### Source data

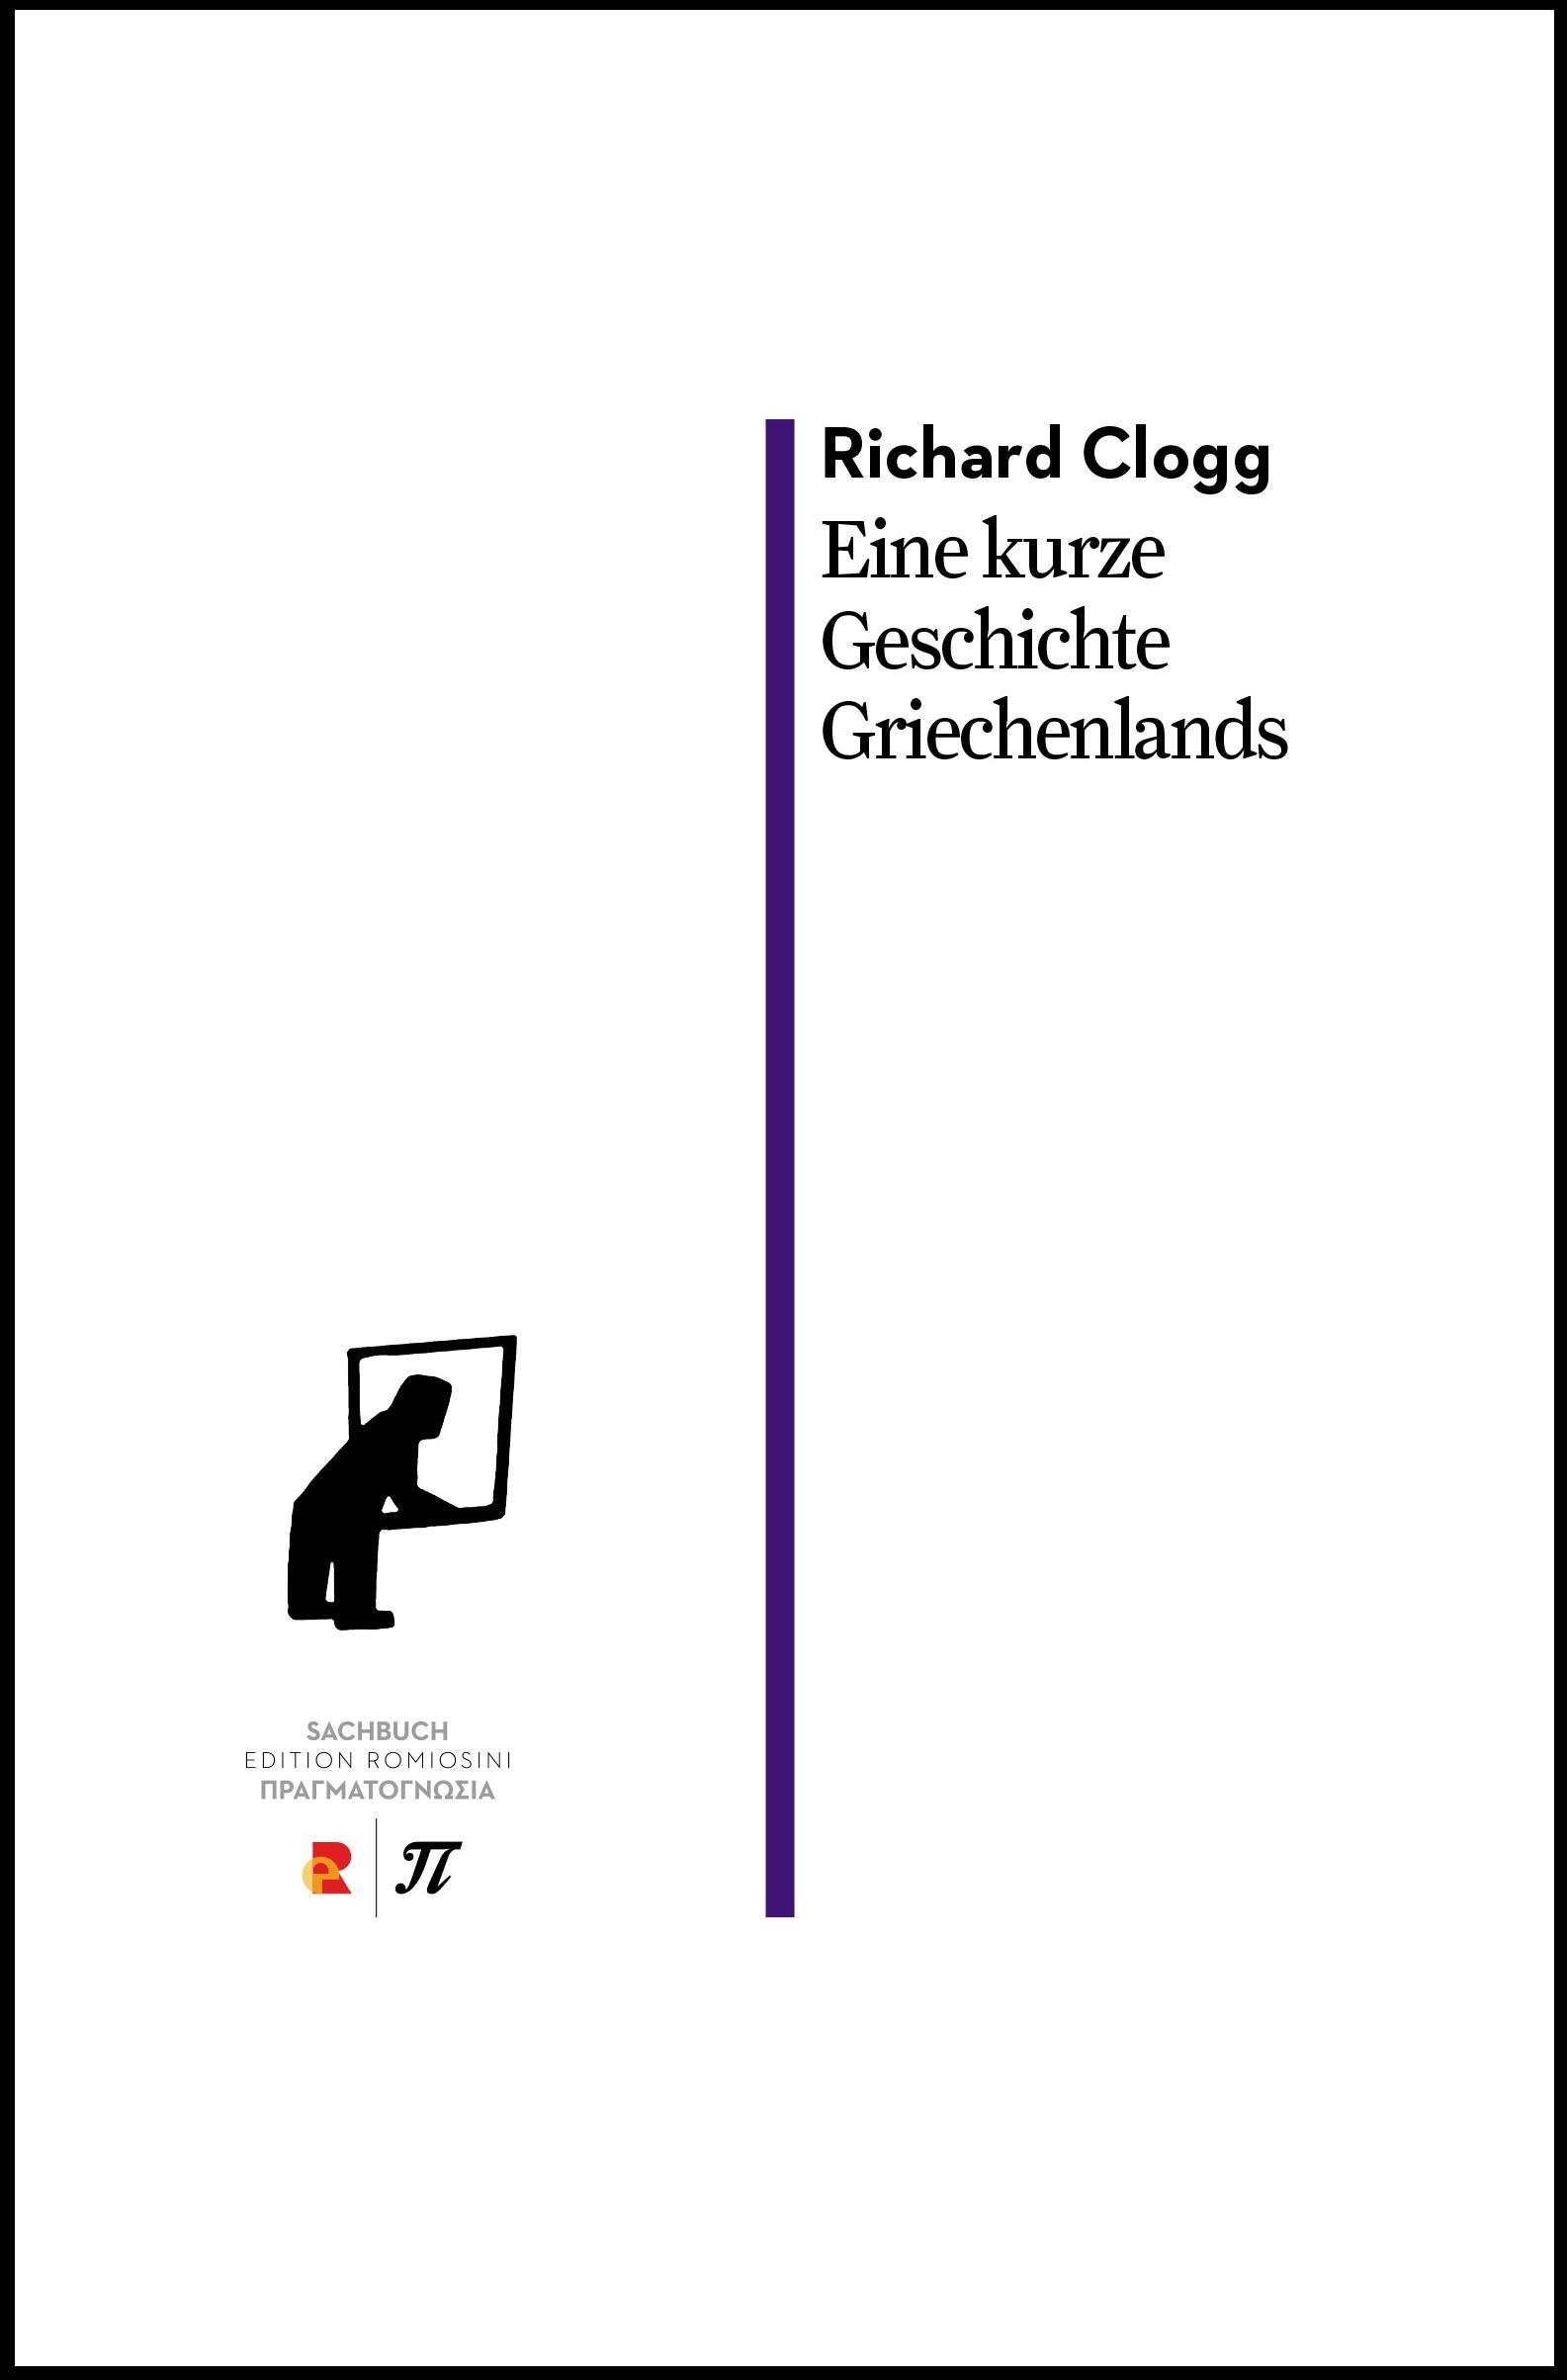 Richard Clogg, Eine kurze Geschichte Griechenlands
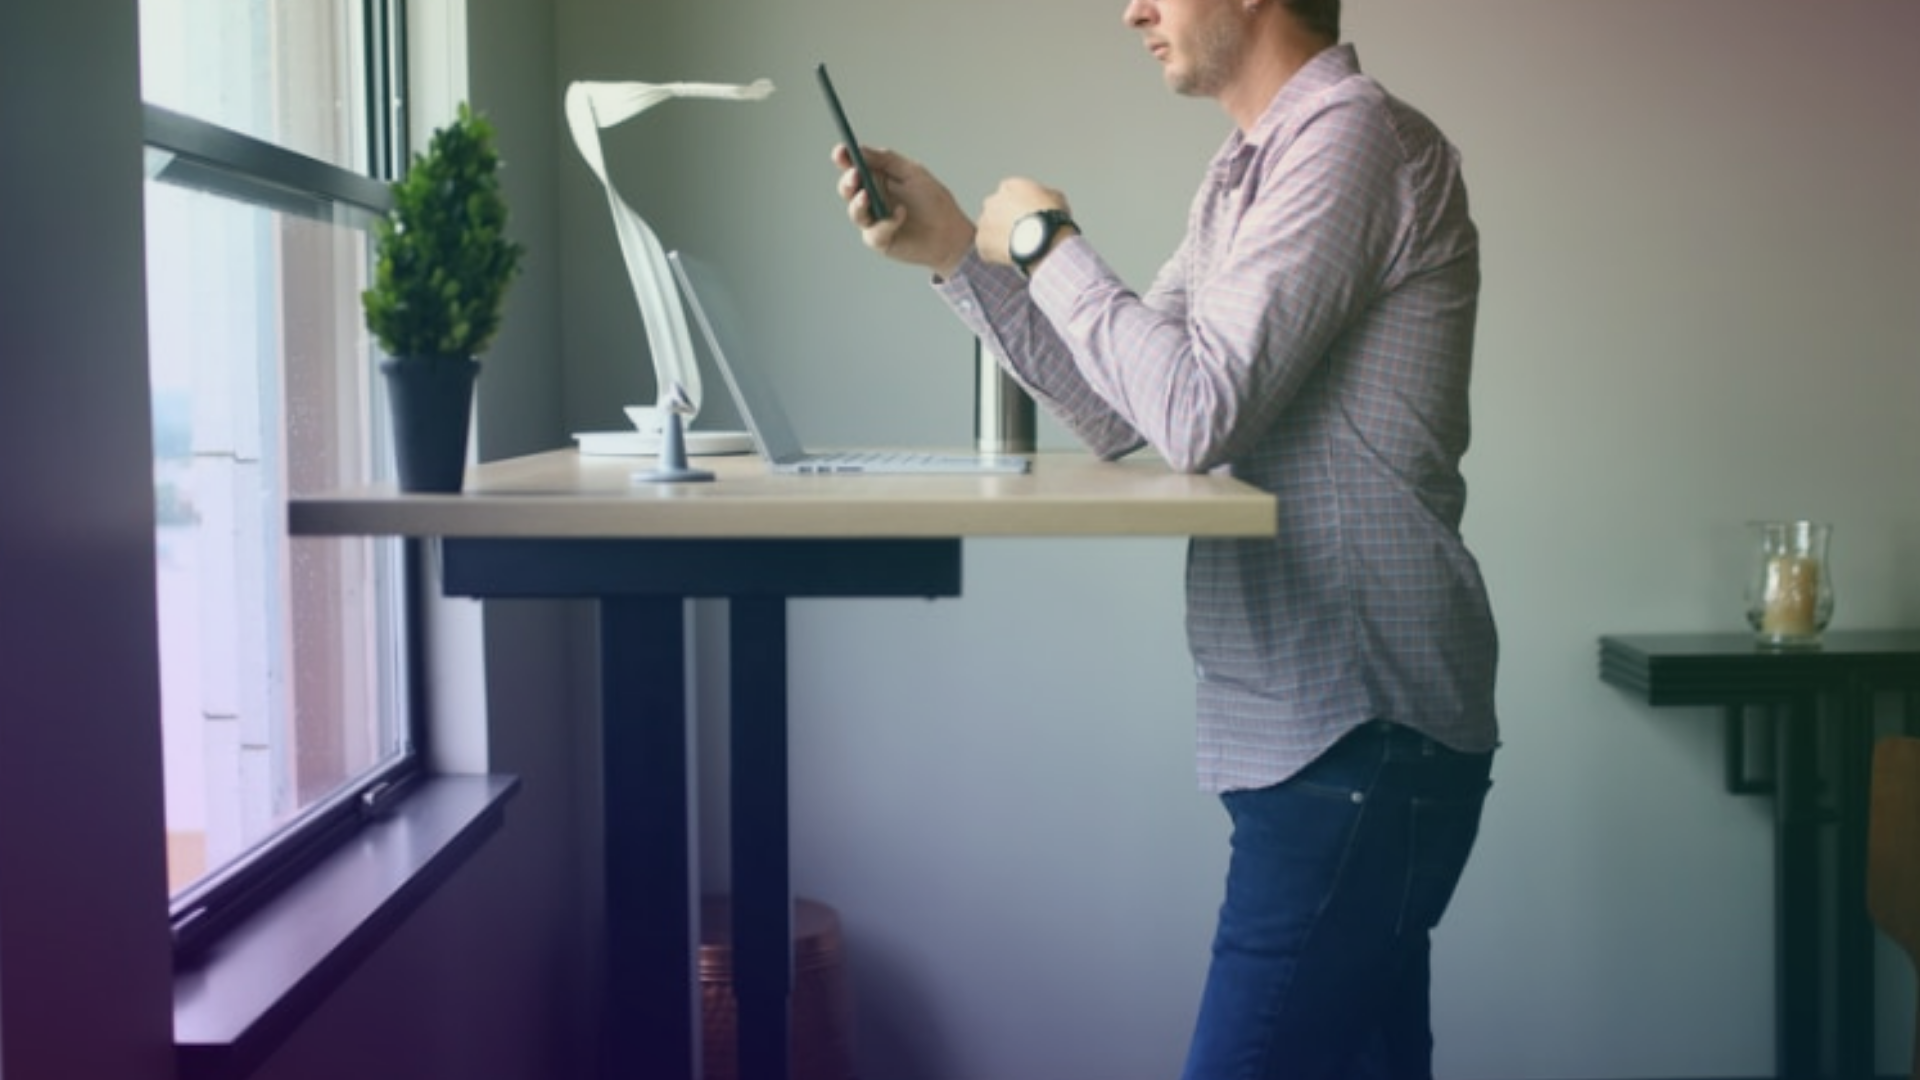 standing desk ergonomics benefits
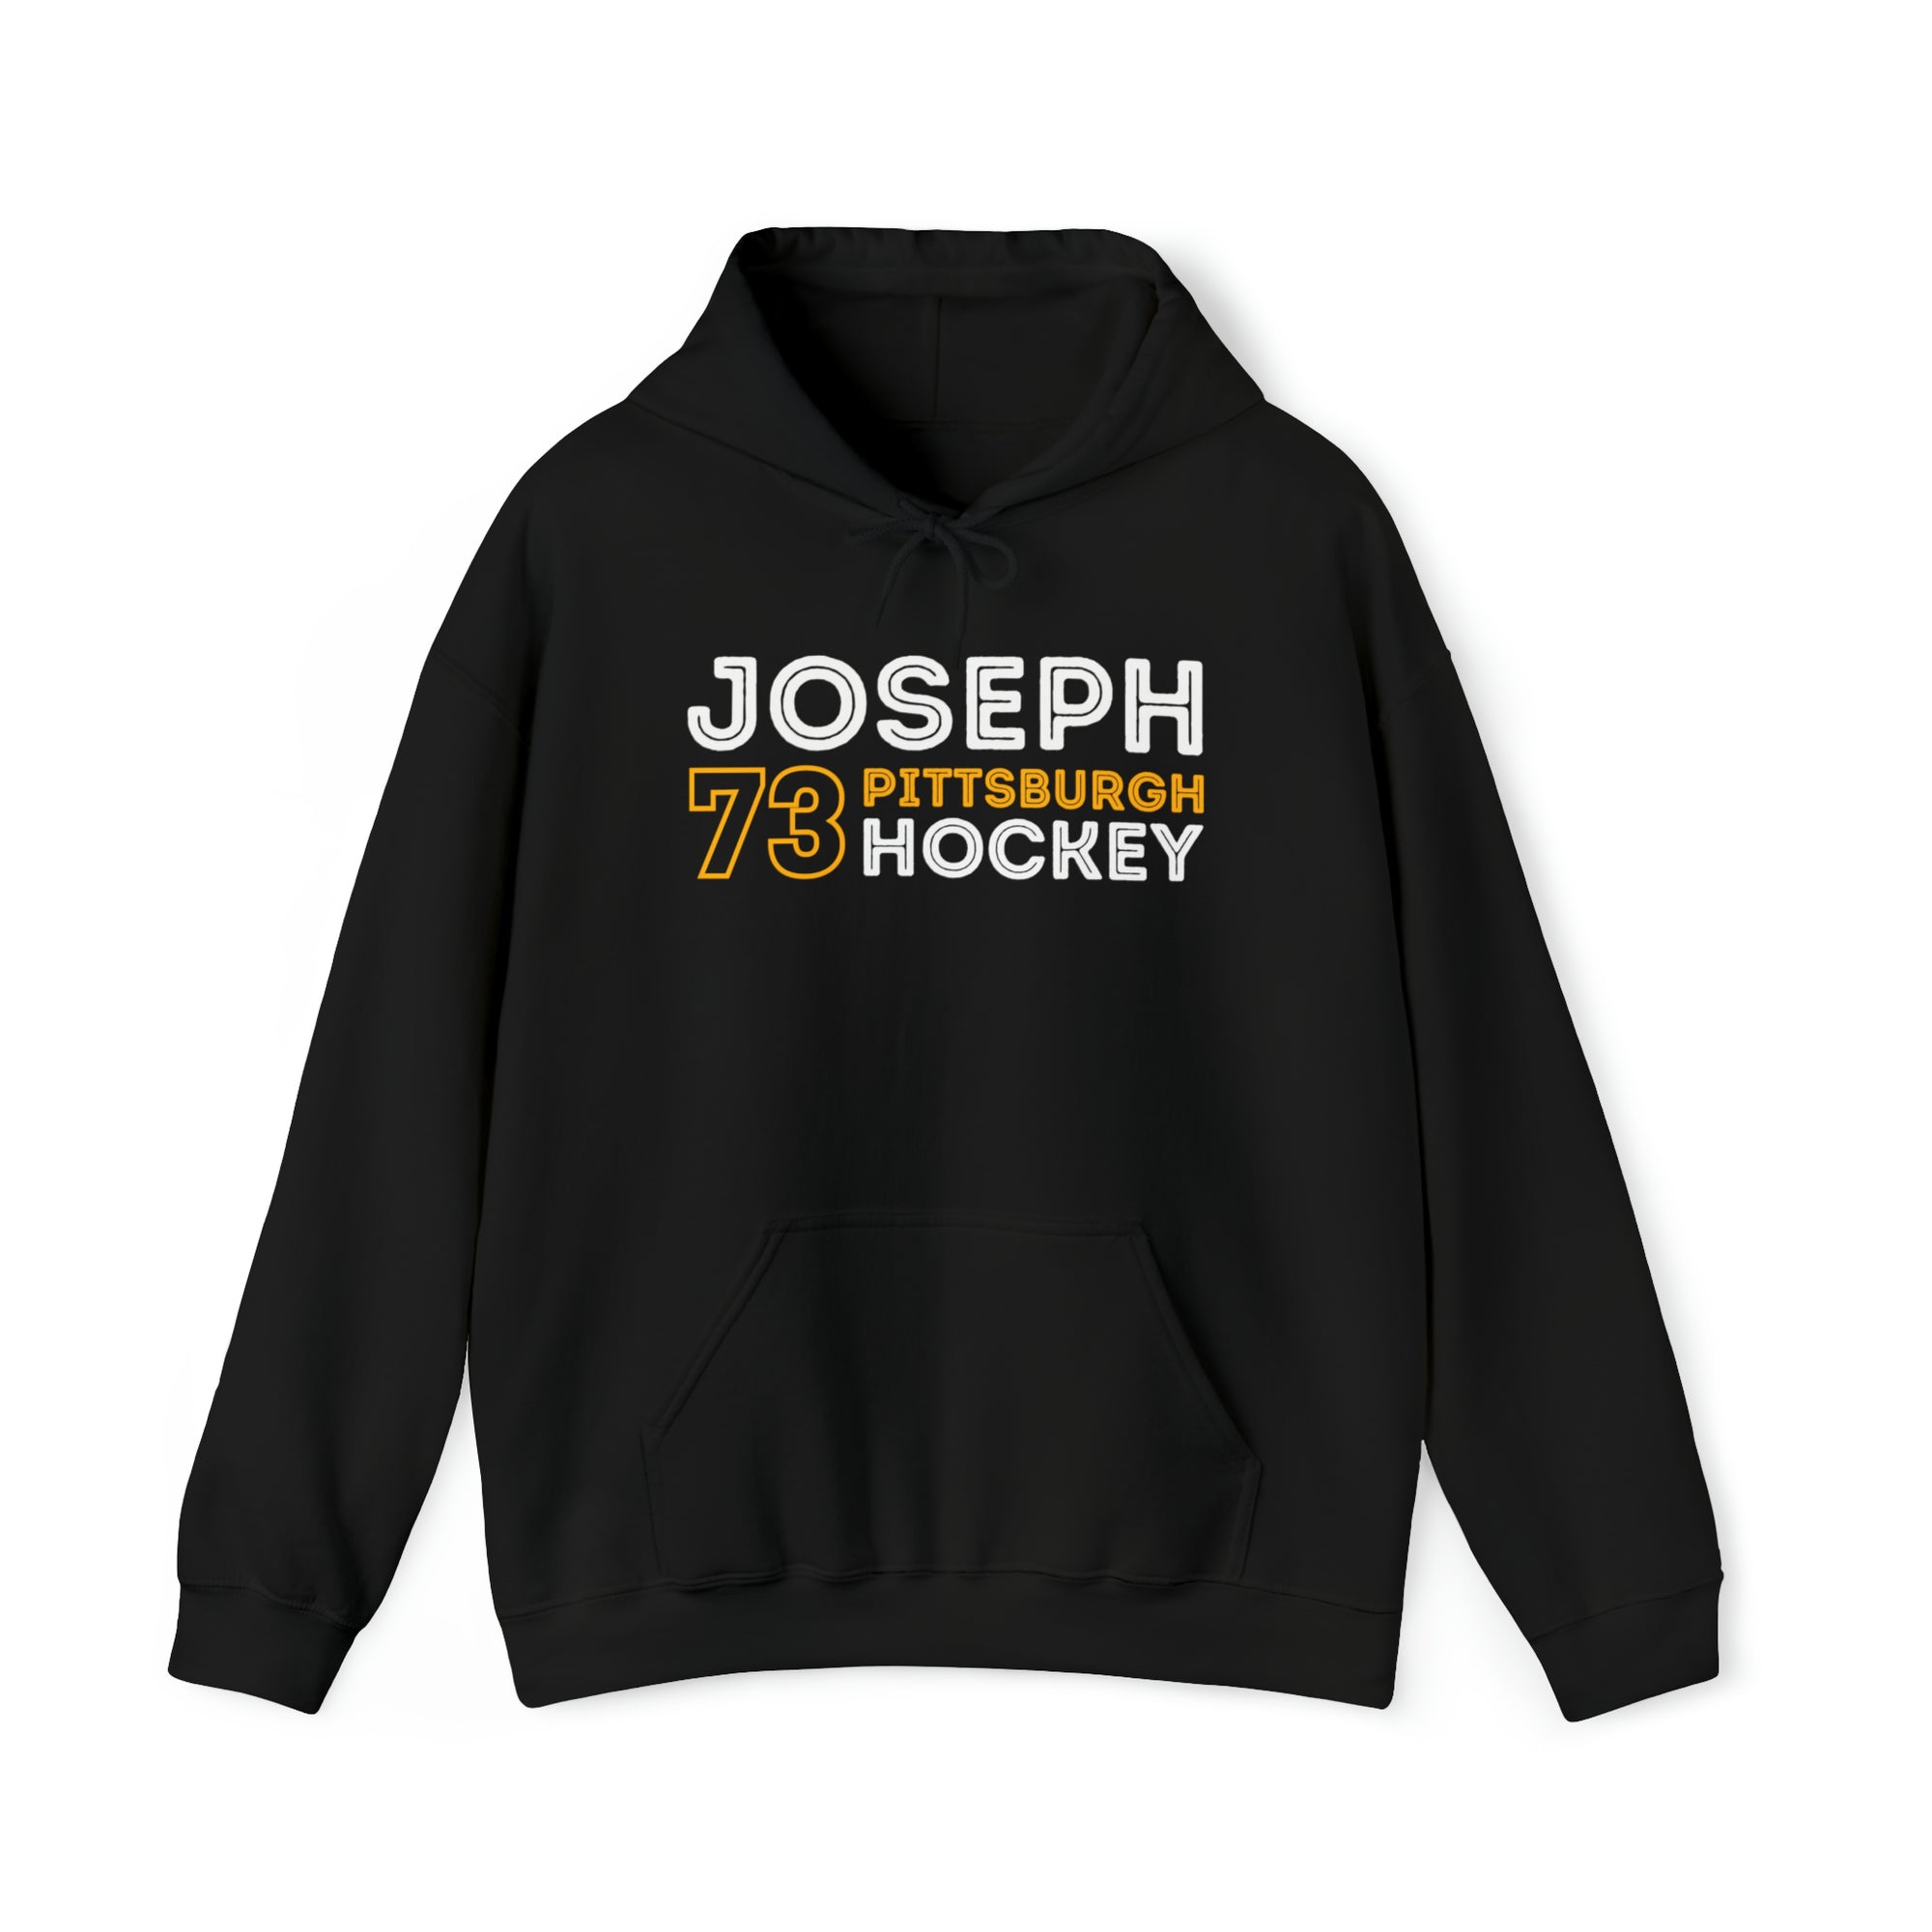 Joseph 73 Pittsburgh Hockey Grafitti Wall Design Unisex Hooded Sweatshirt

### Task statement
Lines from the one containing "standing desk ergonomics benefits" through the end of the listing, both included, are to be restated exactly, and pictures are to be left out.

### Output of the exercise
 standing desk ergonomics benefits
 Joseph 73 Pittsburgh Hockey Grafitti Wall Design Unisex Hooded Sweatshirt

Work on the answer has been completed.